◆ Raw data
····················

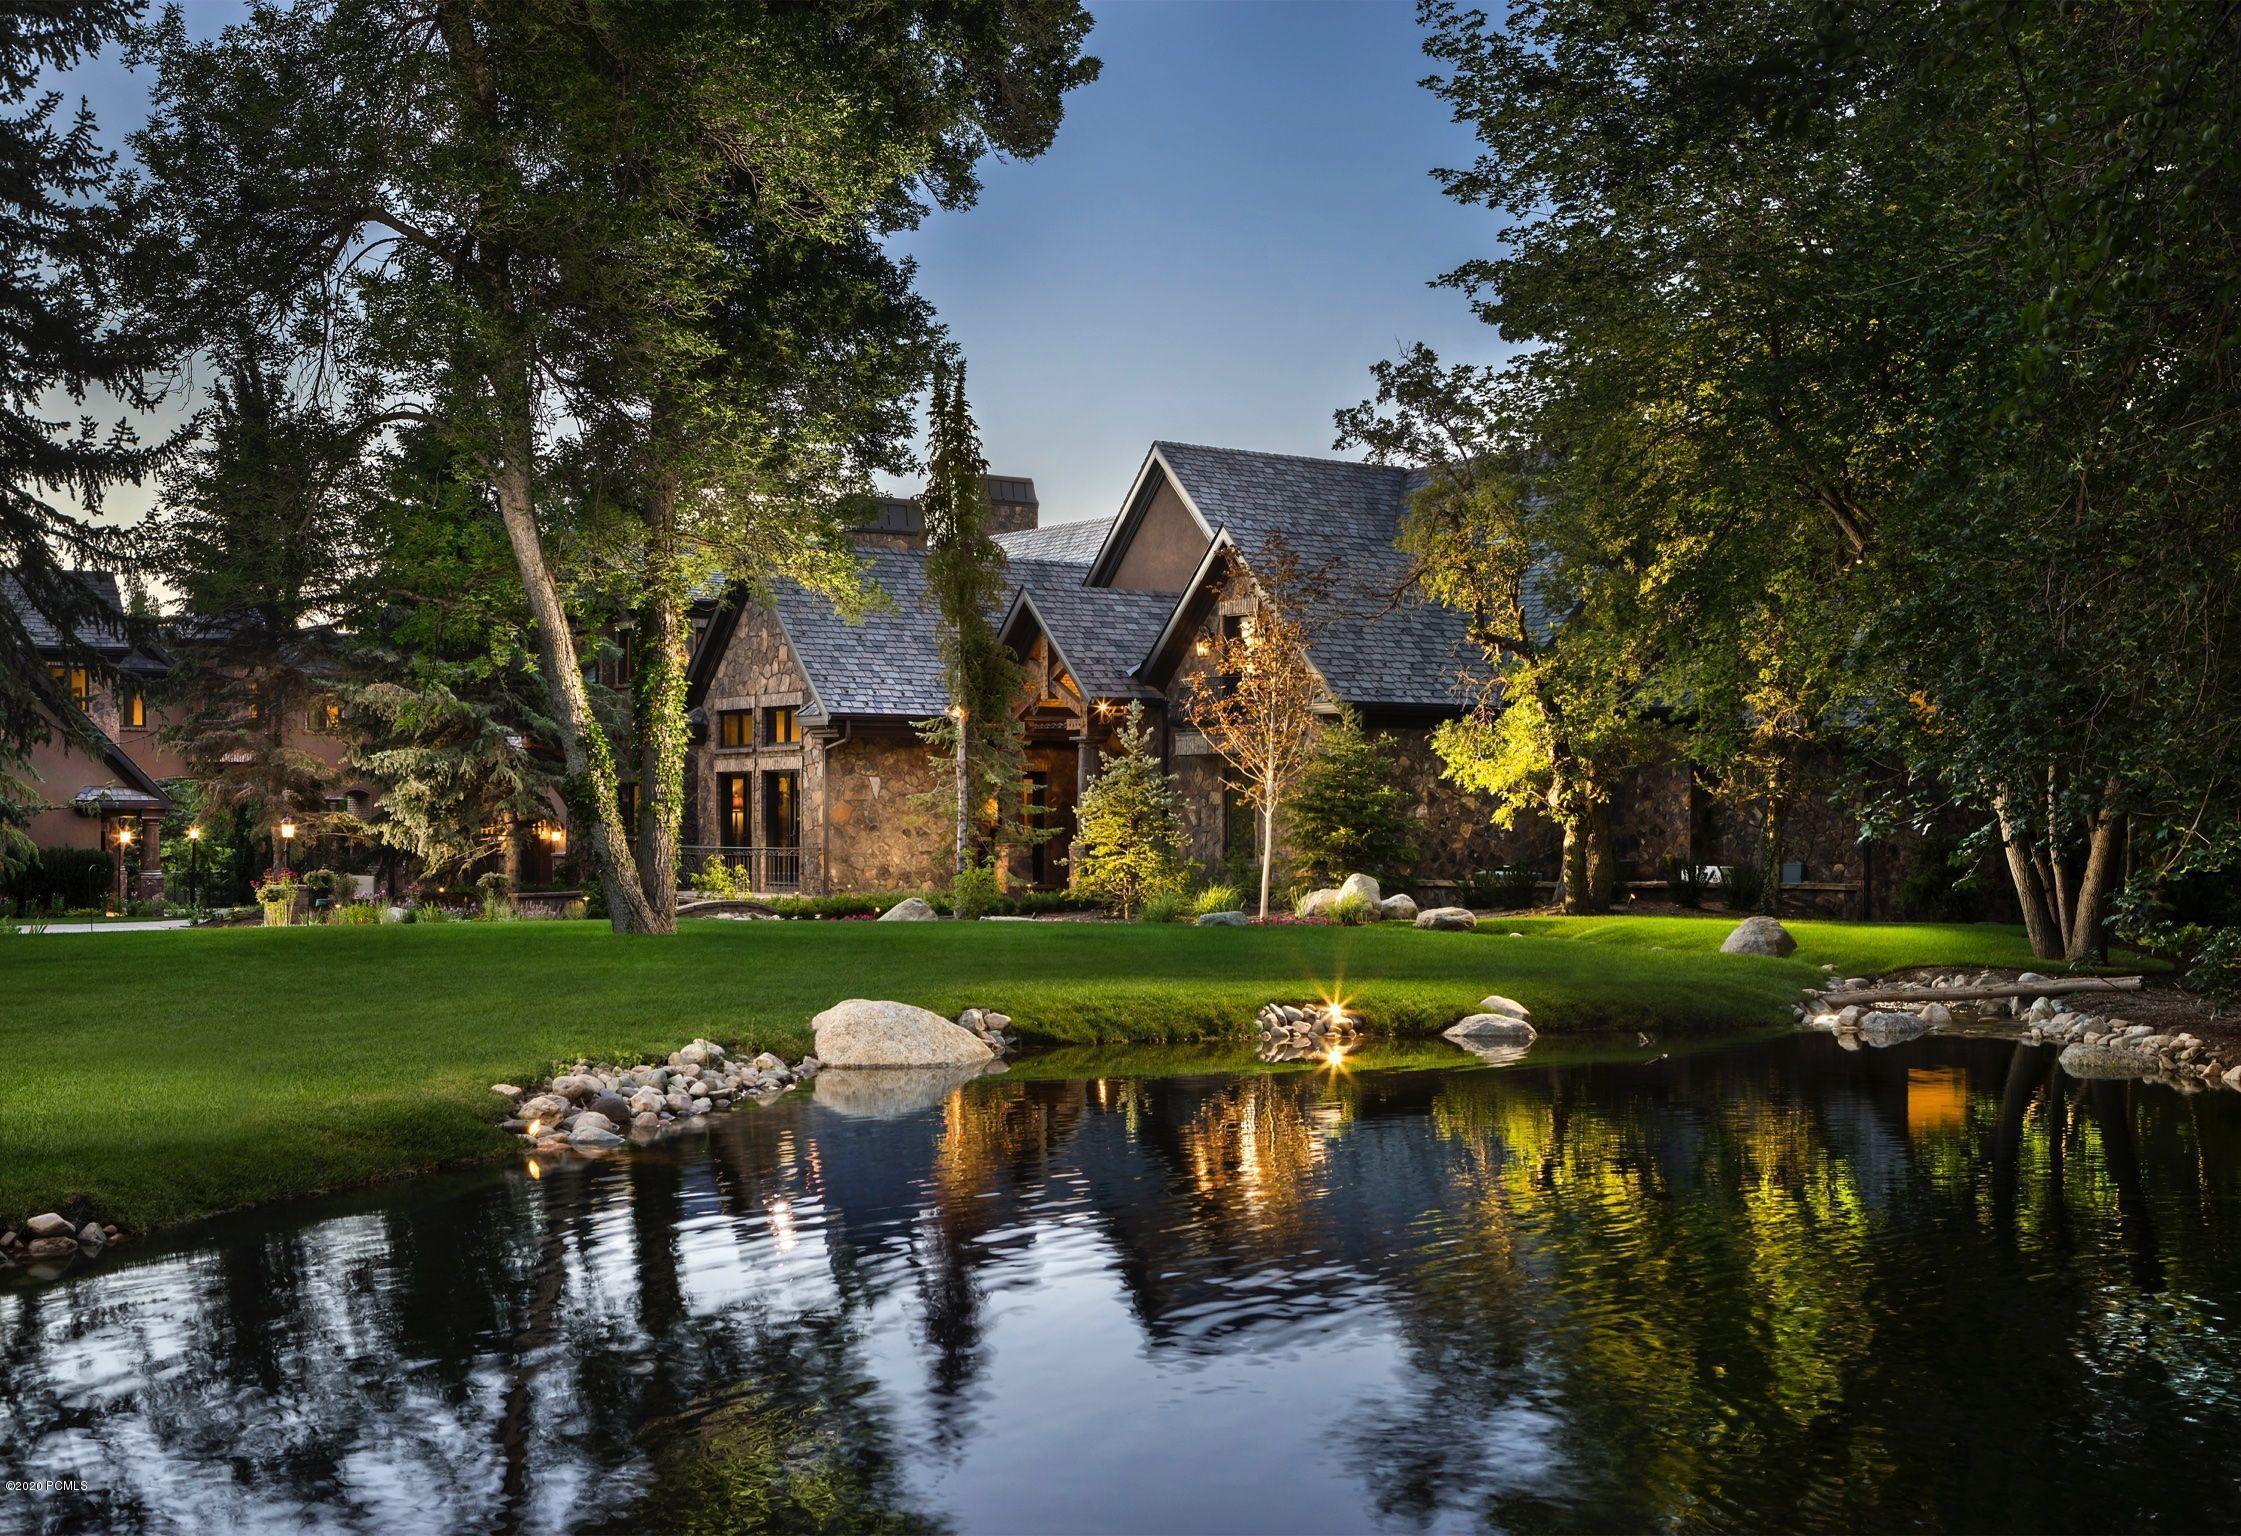 2388 Oakhill Drive, Salt Lake City, Utah 84121, 7 Bedrooms Bedrooms, ,9 BathroomsBathrooms,Single Family,For Sale,Oakhill,12004470
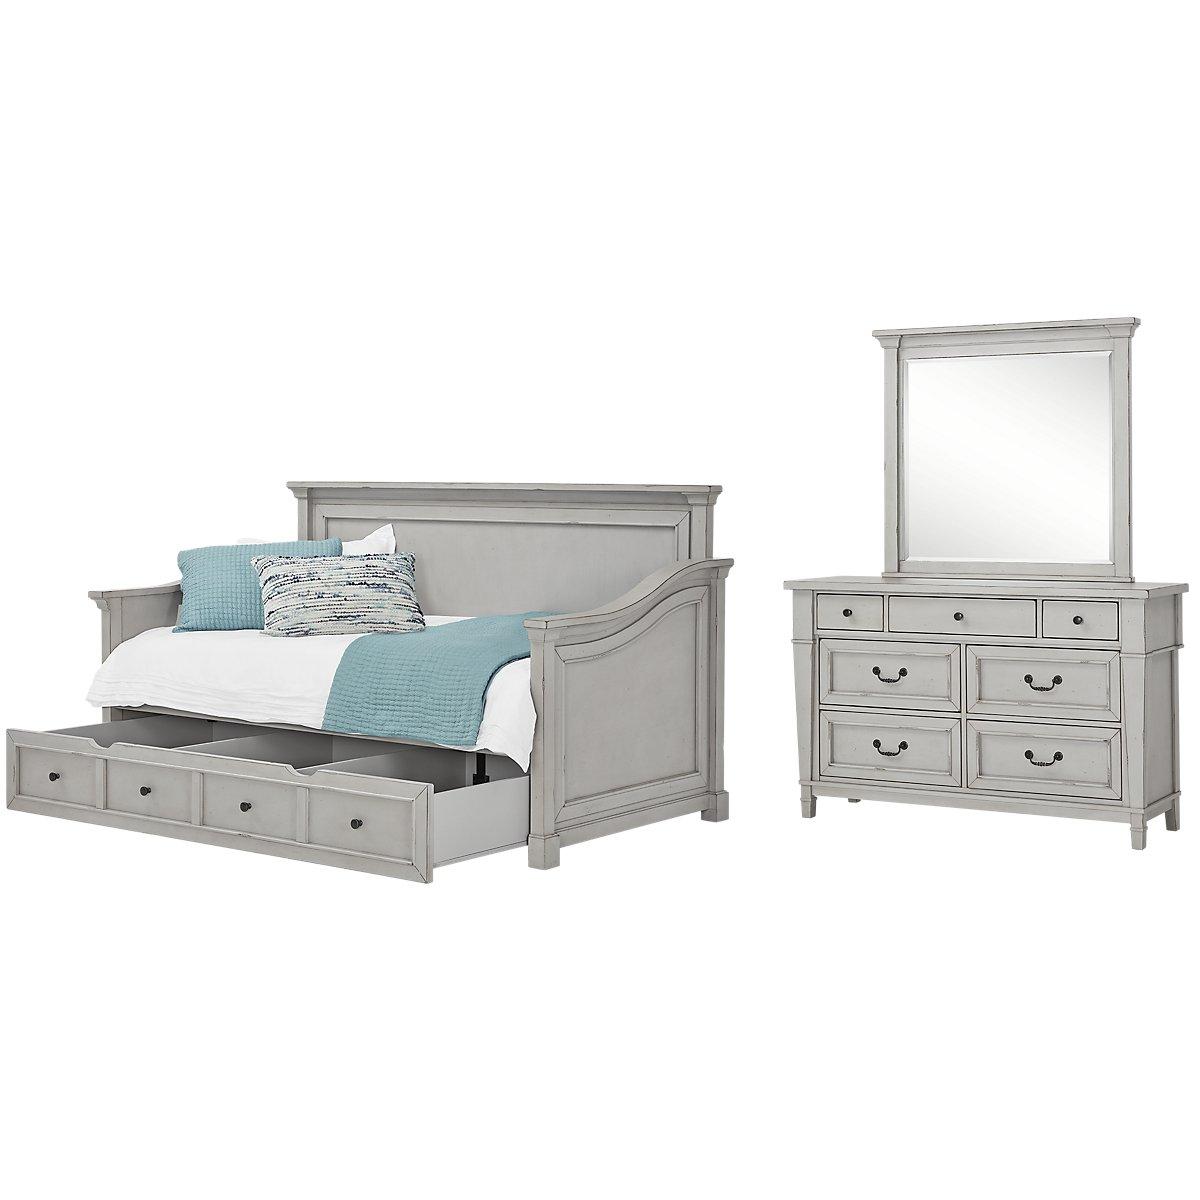 Stoney Gray Daybed Storage Bedroom
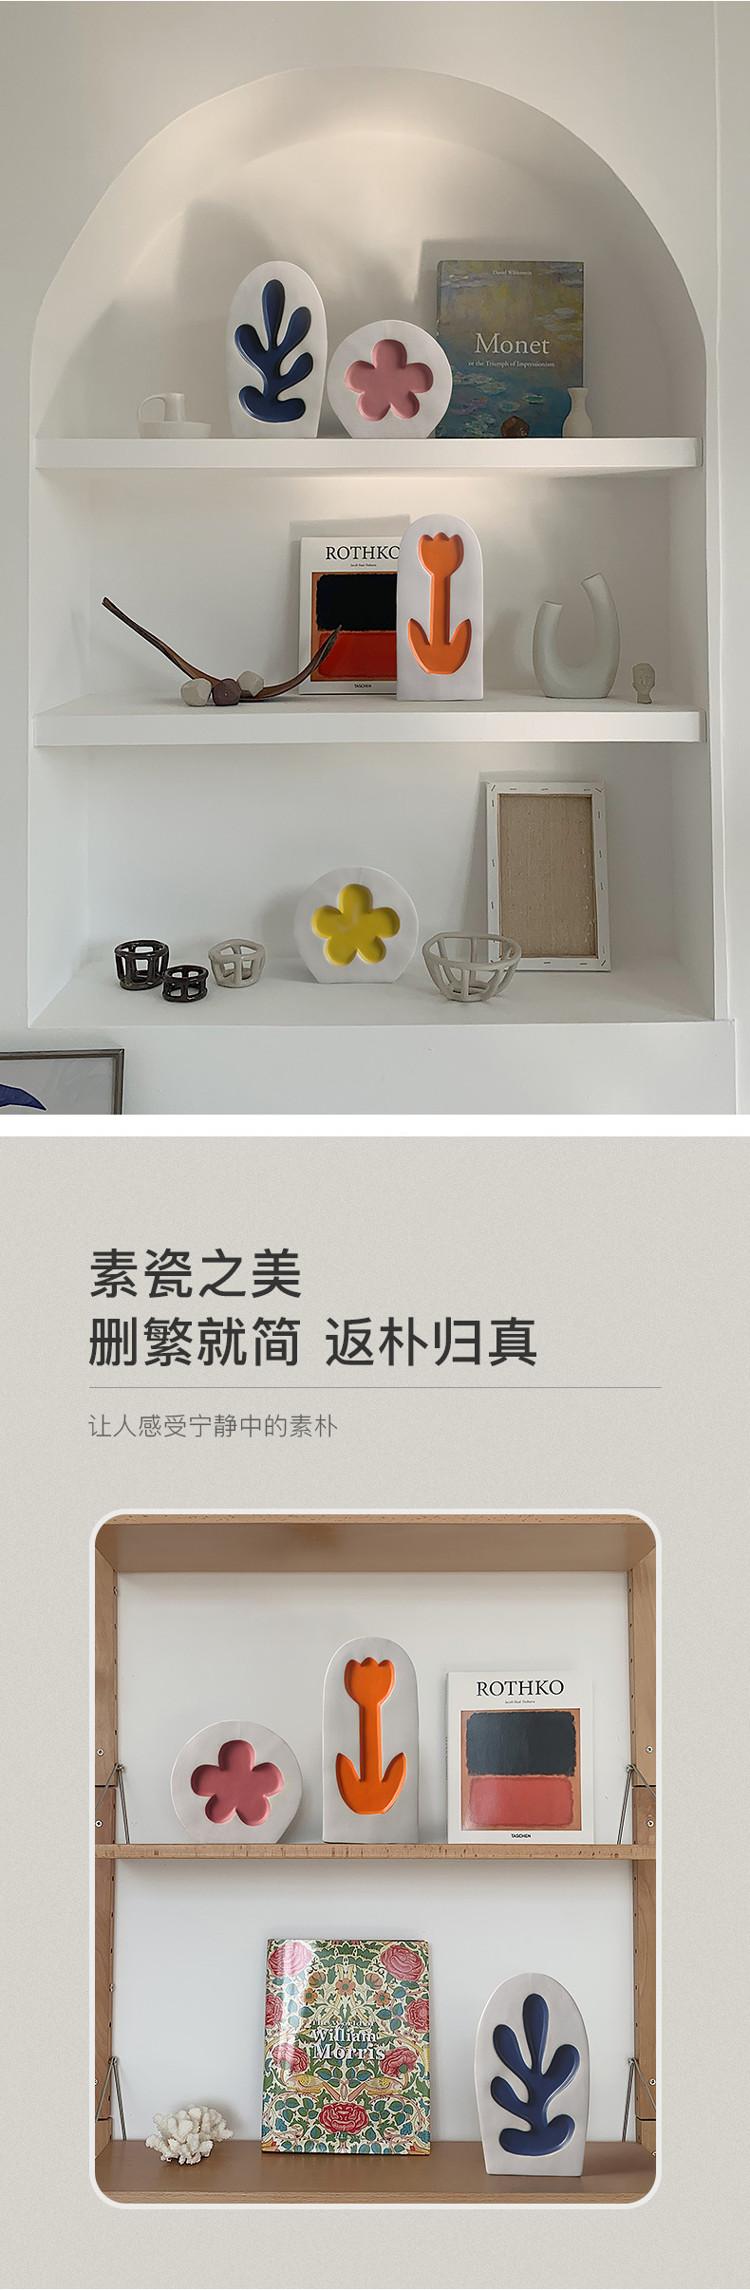 1JC21080 Instagram Vase New Trend Online Sale (8)
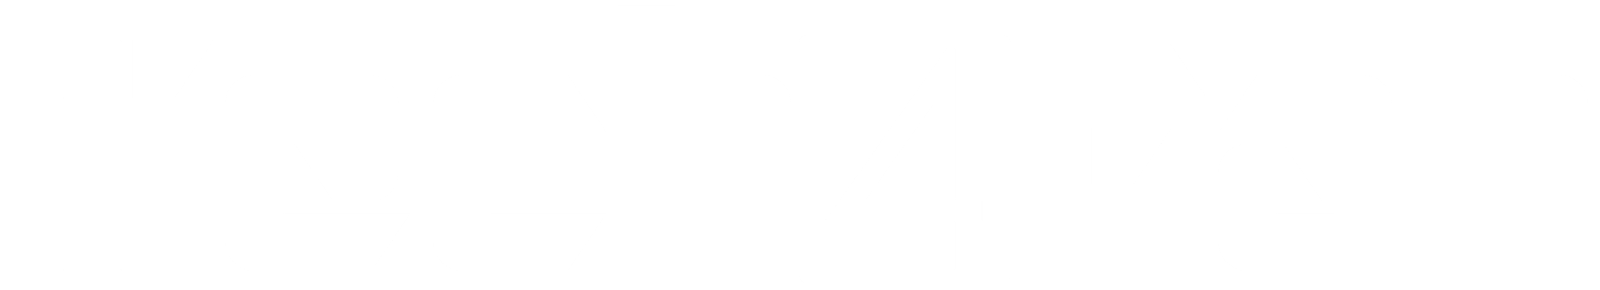 Tech4Fan - Tecnologia na medida certa

····················

◆ Problem to solve
Transcribe each line of the material above verbatim, but do not include the images.

◆ Result of the exercise
 2388 Oakhill Drive, Salt Lake City, Utah 84121, 7 Bedrooms Bedrooms, ,9 BathroomsBathrooms,Single Family,For Sale,Oakhill,12004470
 Stoney Gray Daybed Storage Bedroom
 1JC21080 Instagram Vase New Trend Online Sale (8)
 Tech4Fan - Tecnologia na medida certa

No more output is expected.